* _WORK INSTRUCTION_
Line by line, repeat the material below exactly and skip the images.
** Opening INFORMATION PROVIDED block **
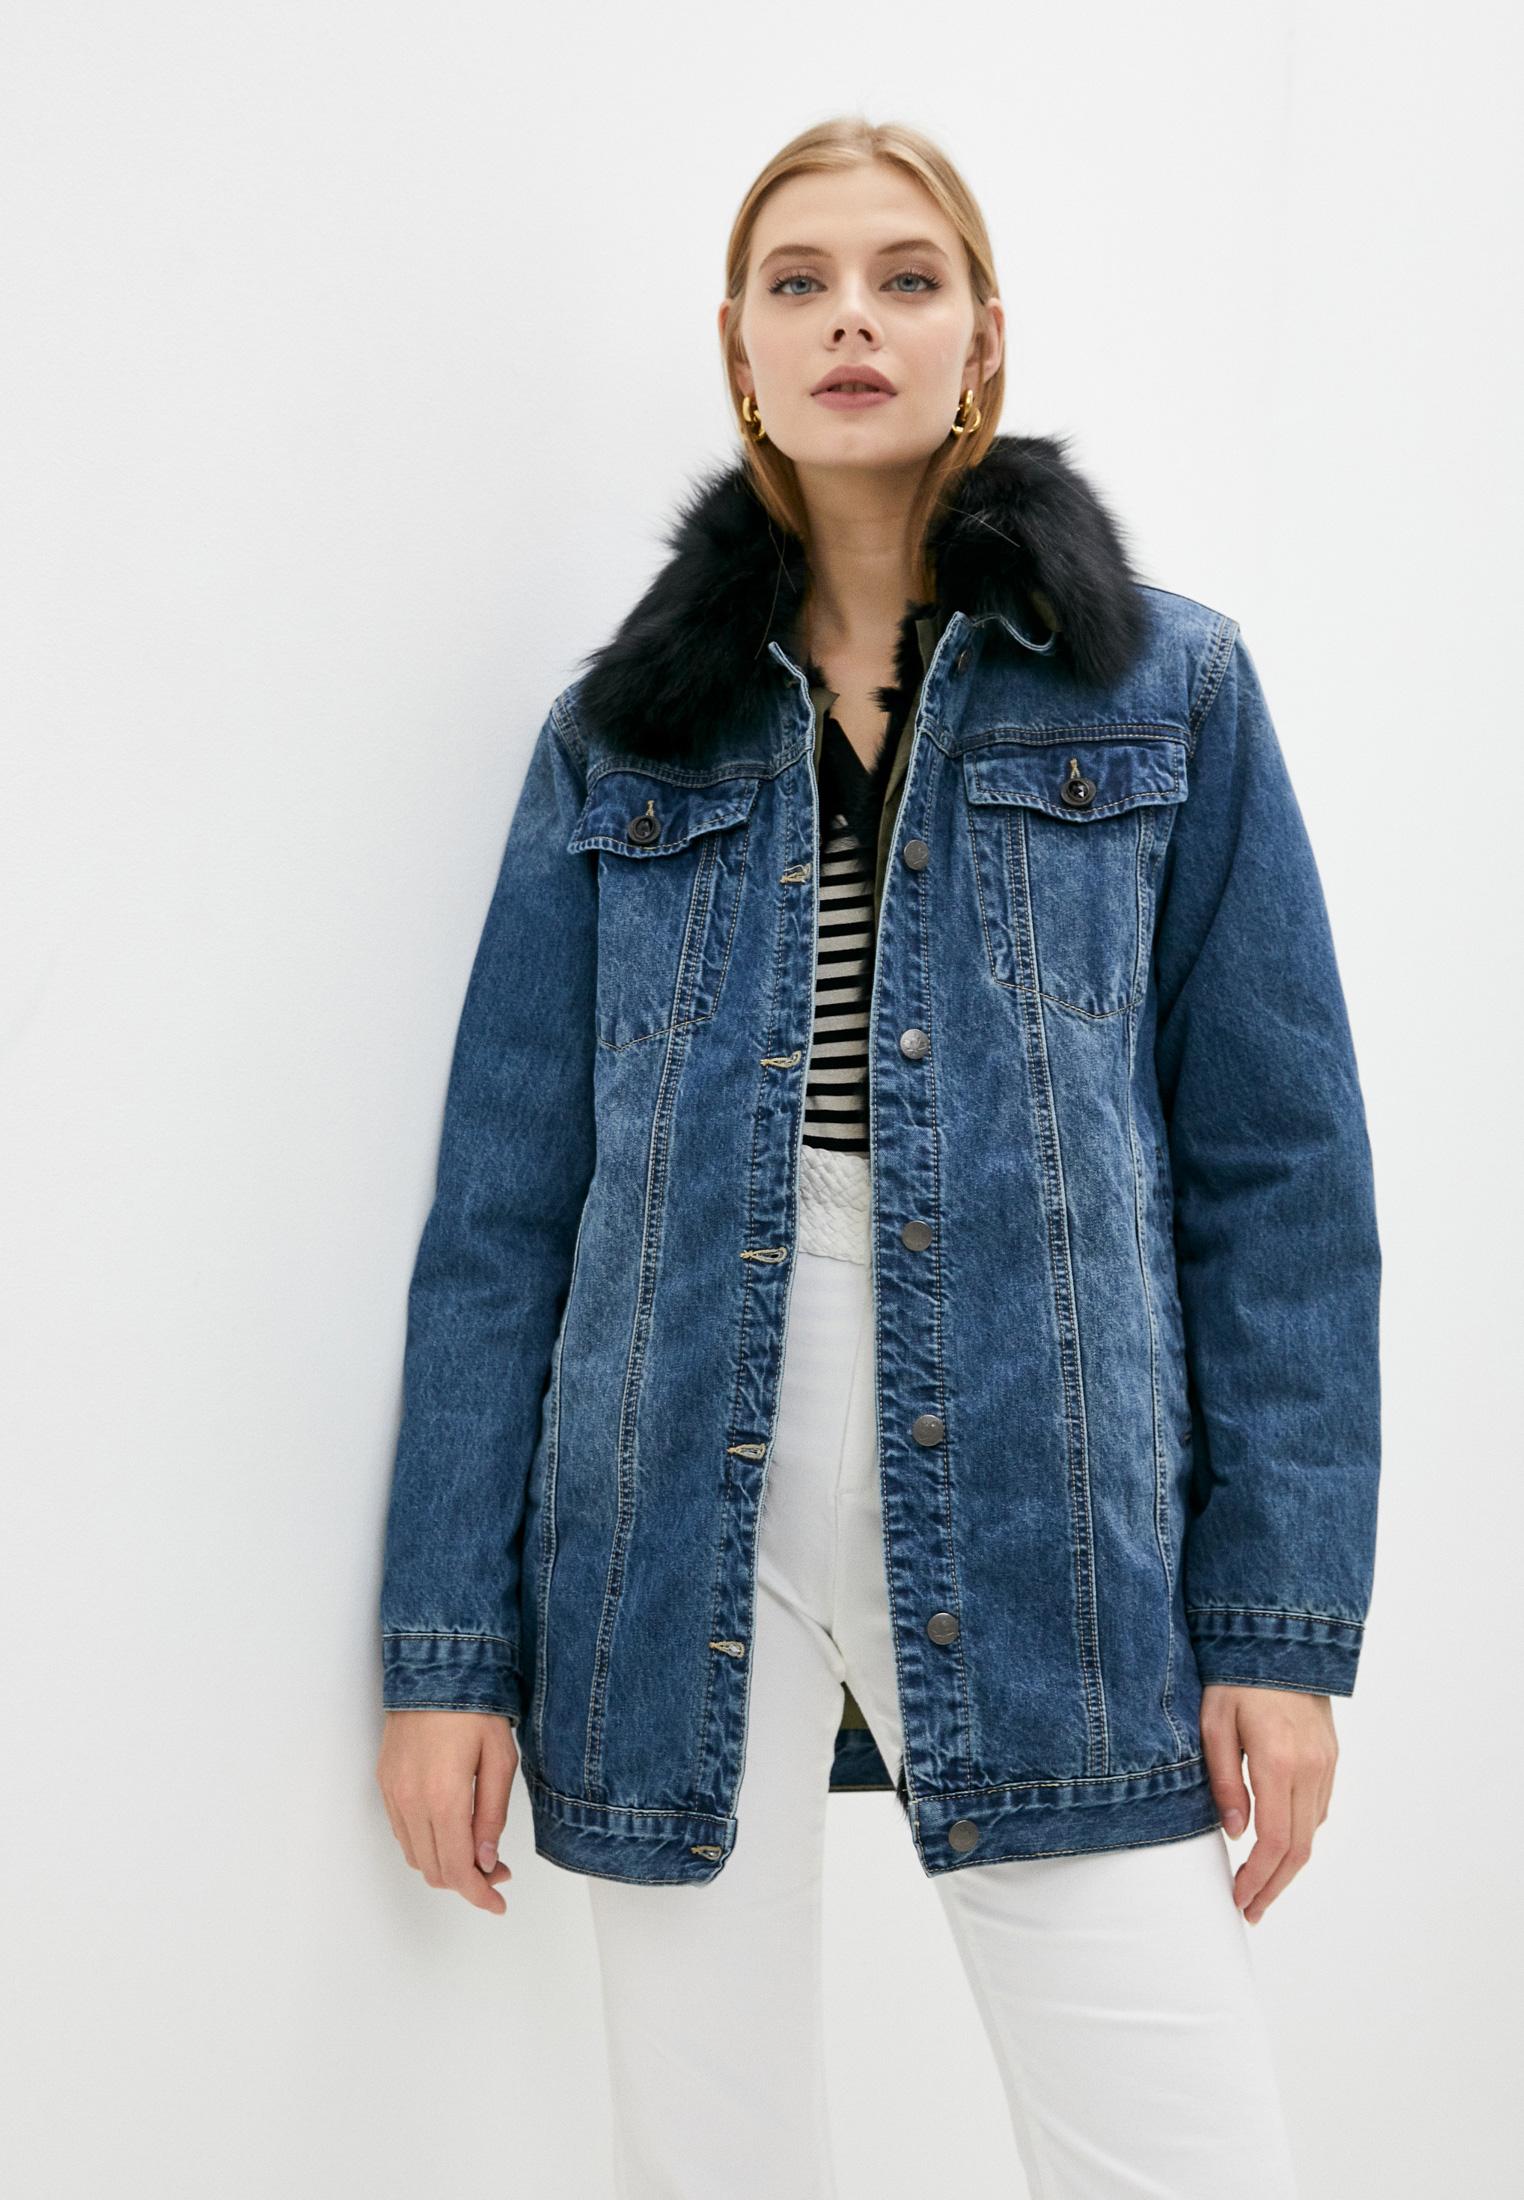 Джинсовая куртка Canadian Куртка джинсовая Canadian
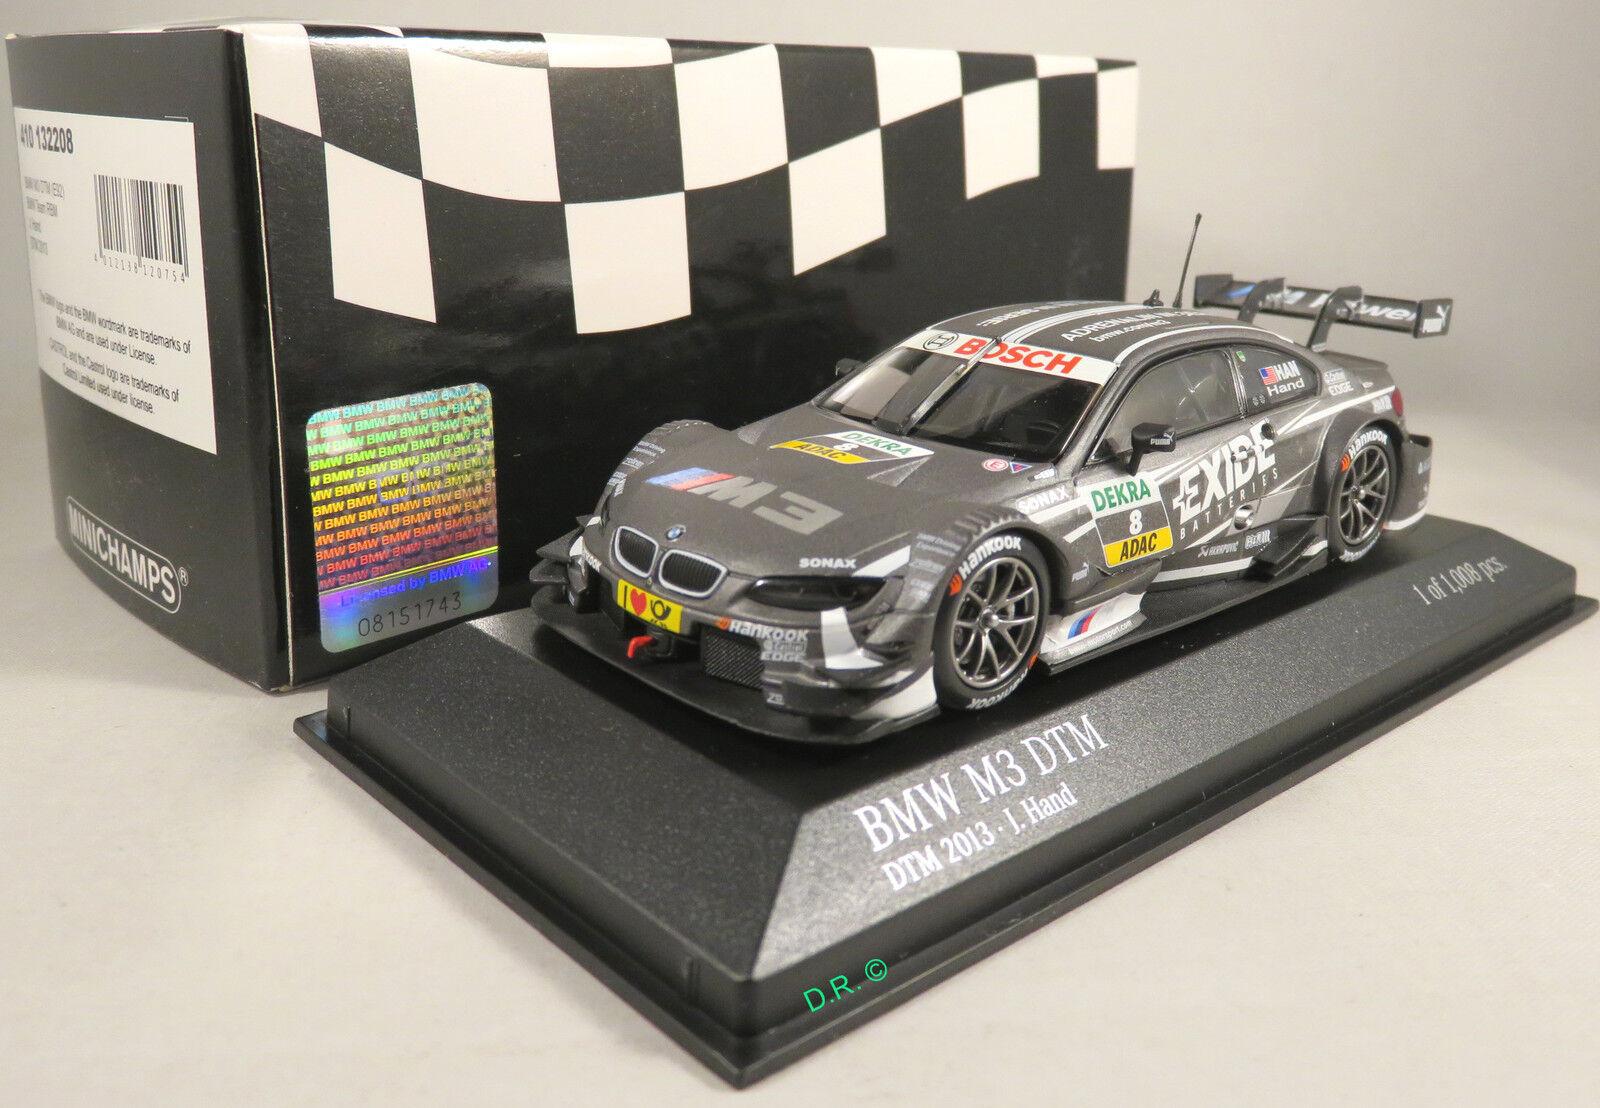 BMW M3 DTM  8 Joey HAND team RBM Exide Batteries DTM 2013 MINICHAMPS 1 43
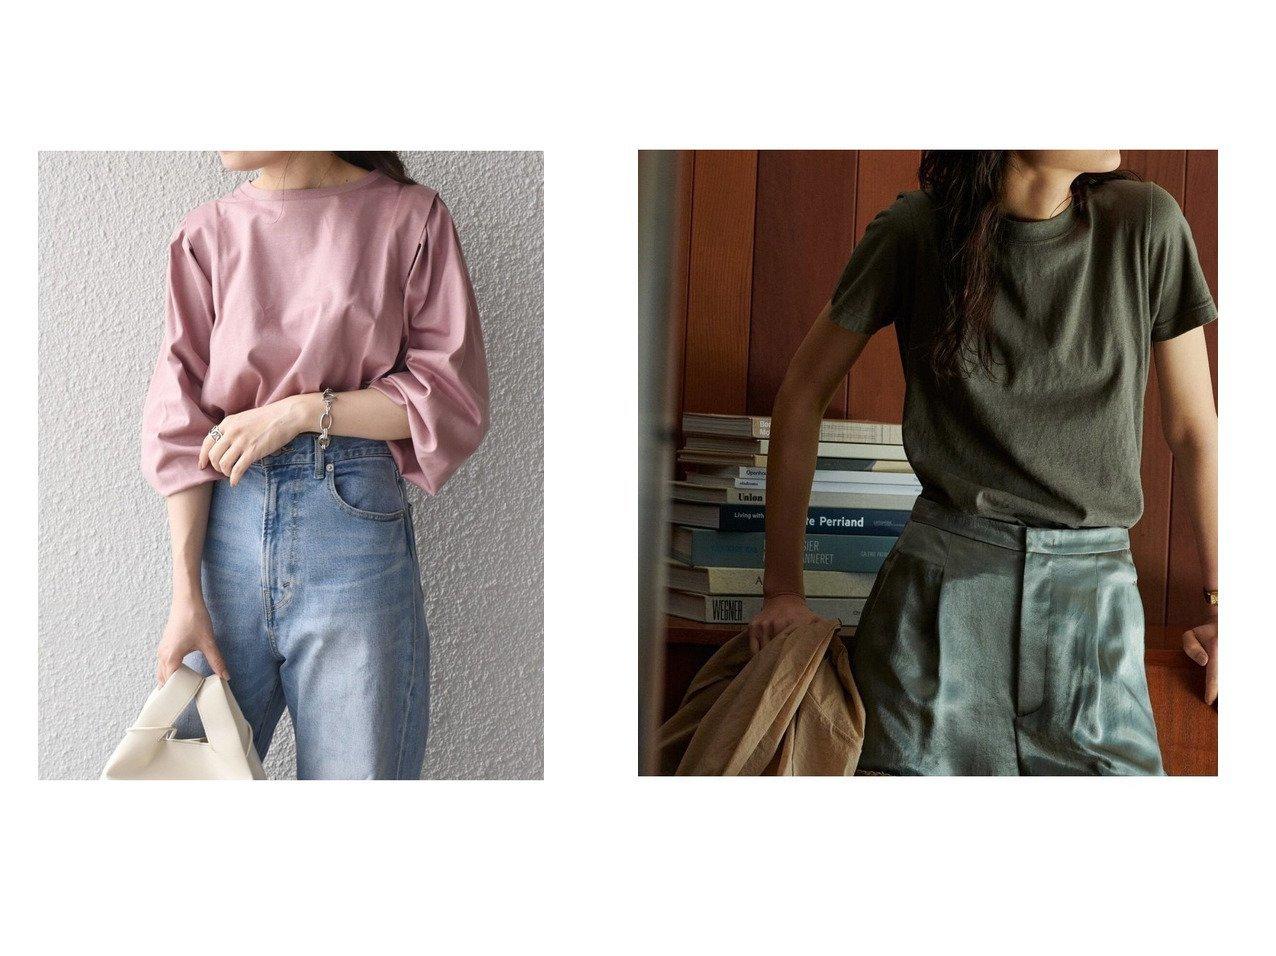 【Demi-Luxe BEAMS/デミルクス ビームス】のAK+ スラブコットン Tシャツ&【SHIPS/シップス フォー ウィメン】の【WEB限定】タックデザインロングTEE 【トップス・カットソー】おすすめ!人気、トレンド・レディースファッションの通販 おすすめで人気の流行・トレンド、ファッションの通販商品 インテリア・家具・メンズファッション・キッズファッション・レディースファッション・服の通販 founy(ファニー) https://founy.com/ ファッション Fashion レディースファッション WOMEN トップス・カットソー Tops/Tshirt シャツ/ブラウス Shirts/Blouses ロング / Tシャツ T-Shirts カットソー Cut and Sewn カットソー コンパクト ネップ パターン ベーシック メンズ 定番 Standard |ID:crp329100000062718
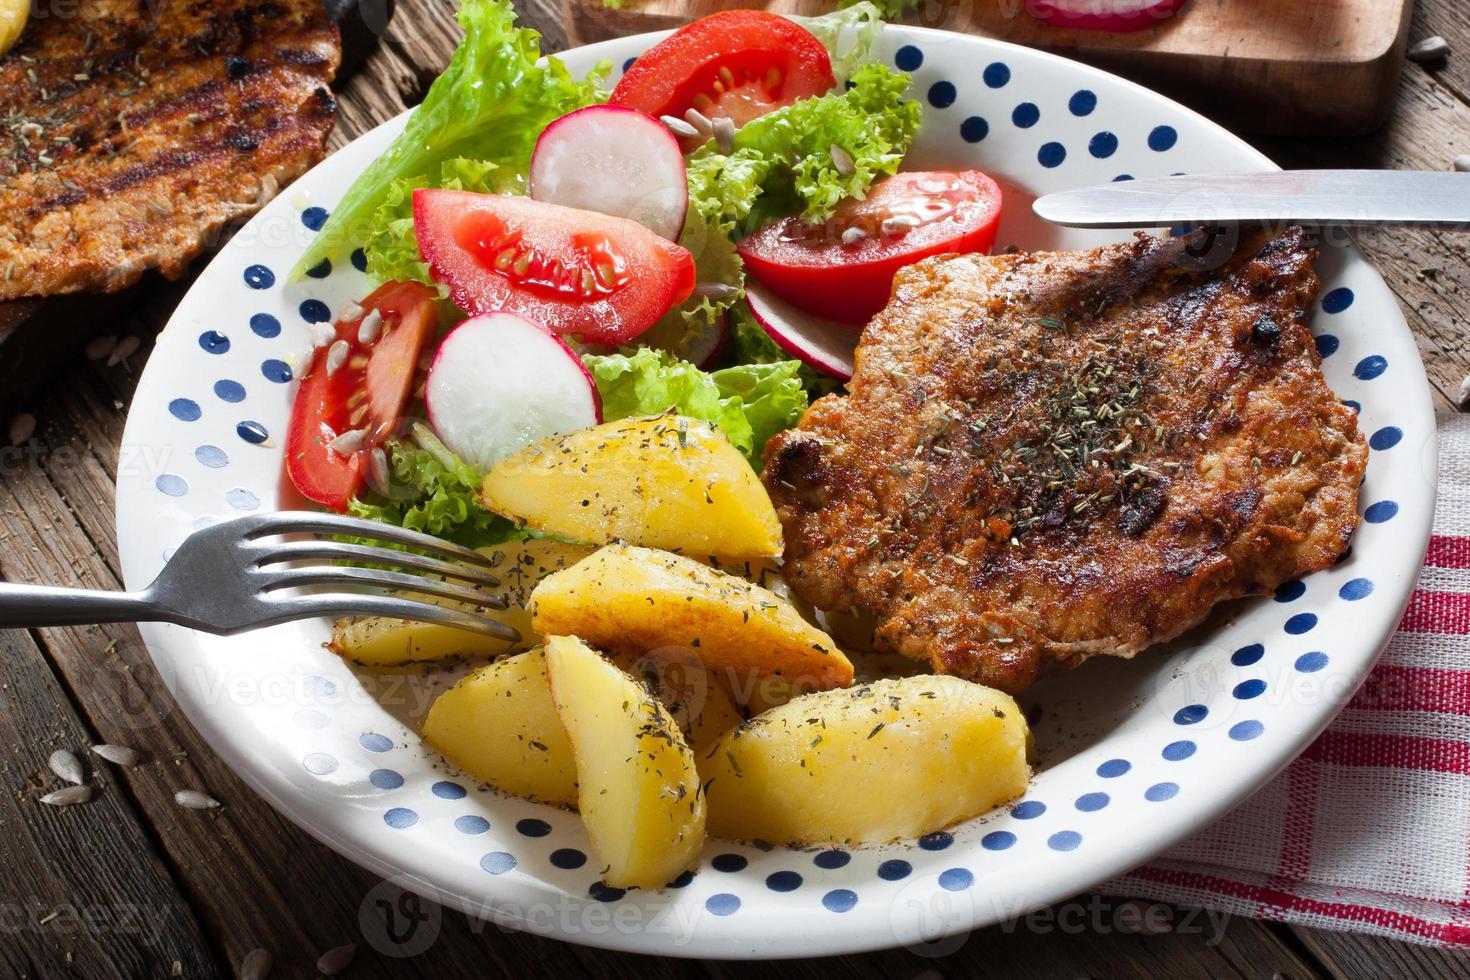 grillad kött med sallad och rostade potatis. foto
** Closing INFORMATION PROVIDED block **
* _WRITTEN SOLUTION_
 Джинсовая куртка Canadian Куртка джинсовая Canadian
 BMW M3 DTM  8 Joey HAND team RBM Exide Batteries DTM 2013 MINICHAMPS 1 43
 【Demi-Luxe BEAMS/デミルクス ビームス】のAK+ スラブコットン Tシャツ&【SHIPS/シップス フォー ウィメン】の【WEB限定】タックデザインロングTEE 【トップス・カットソー】おすすめ!人気、トレンド・レディースファッションの通販 おすすめで人気の流行・トレンド、ファッションの通販商品 インテリア・家具・メンズファッション・キッズファッション・レディースファッション・服の通販 founy(ファニー) https://founy.com/ ファッション Fashion レディースファッション WOMEN トップス・カットソー Tops/Tshirt シャツ/ブラウス Shirts/Blouses ロング / Tシャツ T-Shirts カットソー Cut and Sewn カットソー コンパクト ネップ パターン ベーシック メンズ 定番 Standard |ID:crp329100000062718
 grillad kött med sallad och rostade potatis. foto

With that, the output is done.